Die Familie kehrte 1988 nach Niedersachsen zurück. Tochter Ayten war neun Jahre alt. Trotz der Empfehlung, wegen ihrer Schwäche in Deutsch die Hauptschule zu besuchen, wagte sie den Schritt in die erweiterte Realschule in Salzgitter-Thiede. Sie lernte fleißig Deutsch und schloss die Schule mit einem Notendurchschnitt von 1,4 ab. Danach bewarb sie sich in einem Krankenhaus für die Ausbildung zur Hebamme. Sie wurde zum Vorstellungsgespräch eingeladen und die Anwesenden zeigten sich von ihren Leistungen und ihrem Zeugnis begeistert. Trotzdem wurde sie nicht genommen. "Sie störten sich an meiner Kopfbedeckung. Es war die erste negative Erfahrung in meinem Leben in Zusammenhang mit meiner Kleidung und meiner Religion. Mein damaliges Gefühl habe ich auch nach 20 Jahren noch nicht vergessen", bedauert Ayten Helva. Sie fand für sich eine berufliche Alternative und absolvierte eine schulische Ausbildung zur islamischen Sozialtheologin, teils in Hamburg, Köln und in Istanbul. Auch heute ist sie in diesem Berufsfeld noch ehrenamtlich tätig.

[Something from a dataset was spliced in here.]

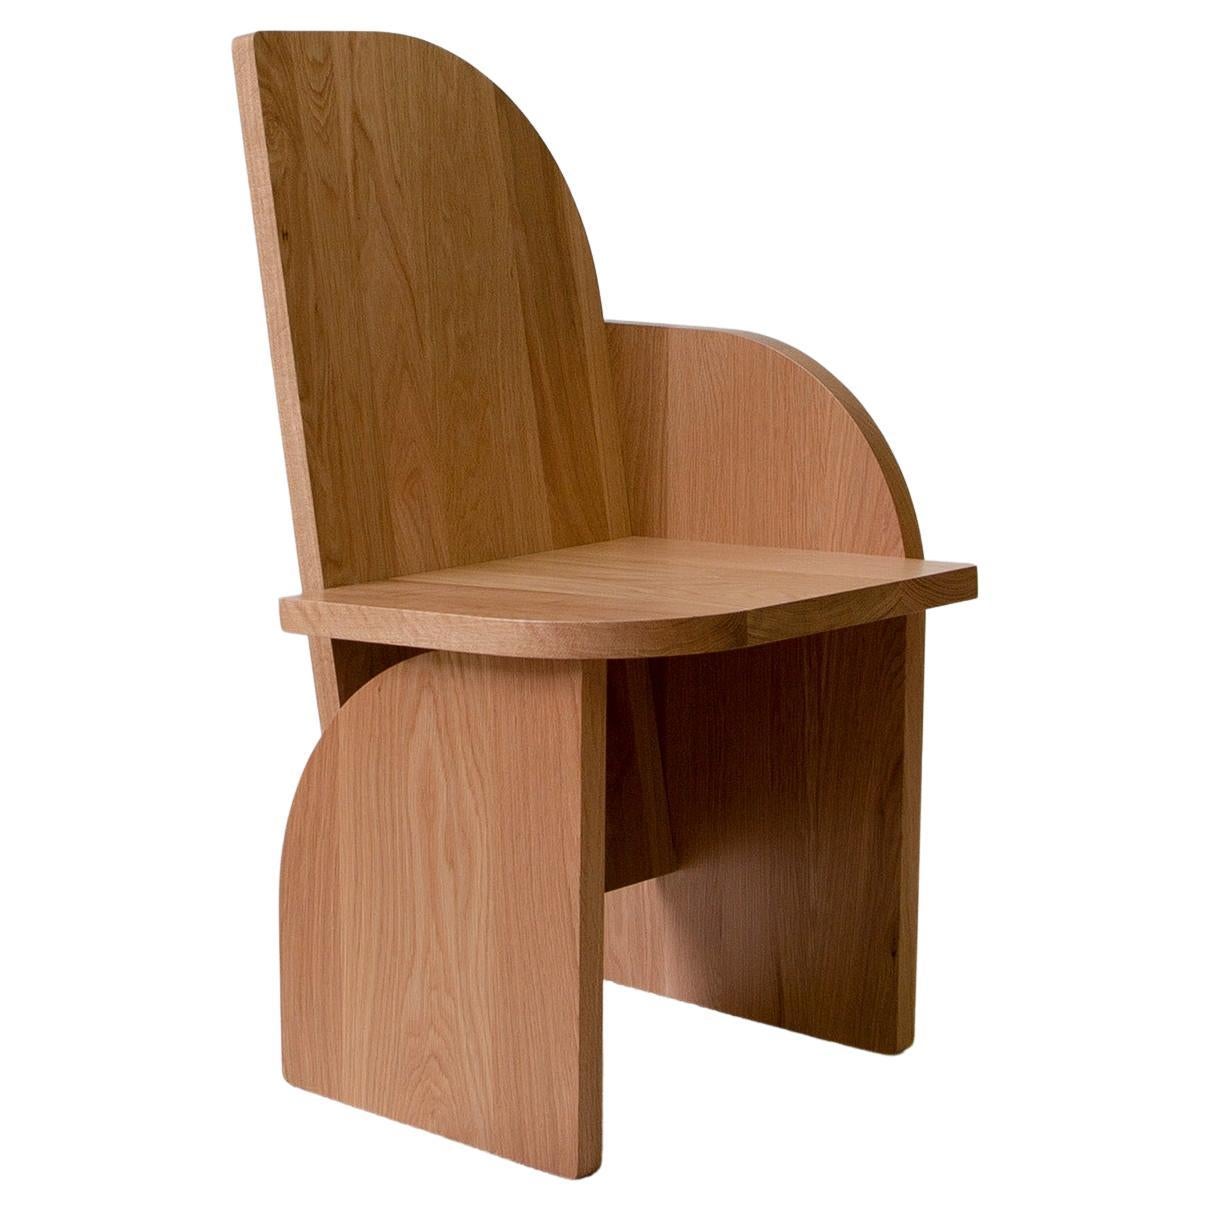 Solid Wood Sculptural Accent Side Chair, Bluff Side Chair Left, White Oak For Sale
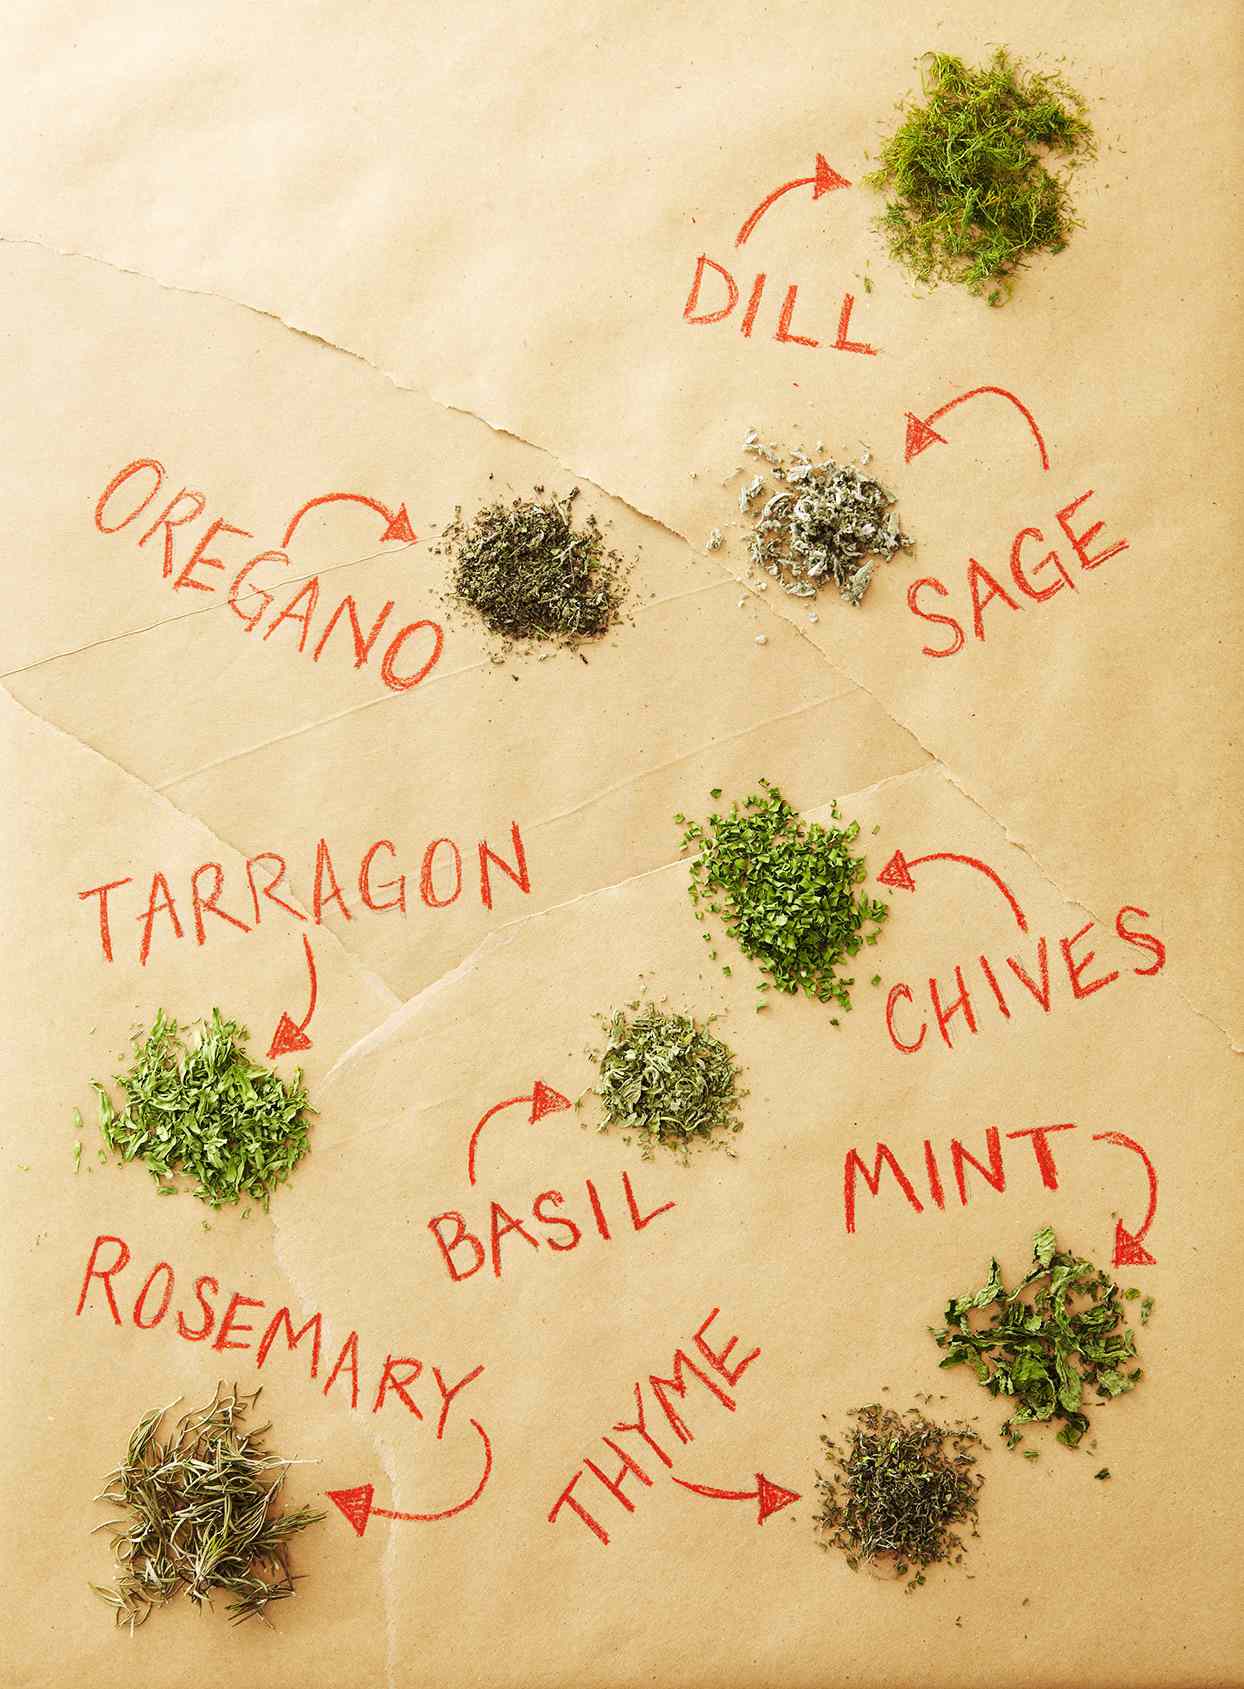 labeled herb trimmings

Der Gedanke zu studieren ließ die damals 17-Jährige jedoch nicht los. So besuchte sie ab 2006 zwei Jahre das Abendgymnasium in Braunschweig, um die Fachhochschulreife zu erlangen. Danach schrieb sie sich an der Ostfalia Hochschule im Bachelorstudiengang "Recht-, Personalmanagement und -psychologie" und danach im Masterstudiengang "International Law and Business" ein. Das Studium schloss sie jeweils mit der Note "gut" ab.

"Ich habe während meines Studiums meine Tochter bekommen, das hieß schlaflose Nächte und im Anschluss Prüfungen. Nichts hat mich wirklich vom Studieren abhalten können, denn in schwierigen Zeiten hatte und habe ich Unterstützung durch meine Schwiegereltern und meinen Mann. Ich habe früh gelernt, mich Problemen zu stellen und nenne sie heute Herausforderungen. Und nur wenige Menschen werden es mir glauben, aber ich liebe es Prüfungen abzulegen", so Ayten Helva – und lacht: "Das liegt sicherlich am Adrenalin, dem Kick, den ich mag und genieße. Deshalb ist mit dem Studium definitiv noch nicht Schluss, auch wenn ich zur Finanzierung eine Teilzeitstelle benötige. Vielleicht habe ich ja Glück? Beruflich will ich nach meiner Promotion im eigenen Betrieb als Geschäftsführerin tätig sein."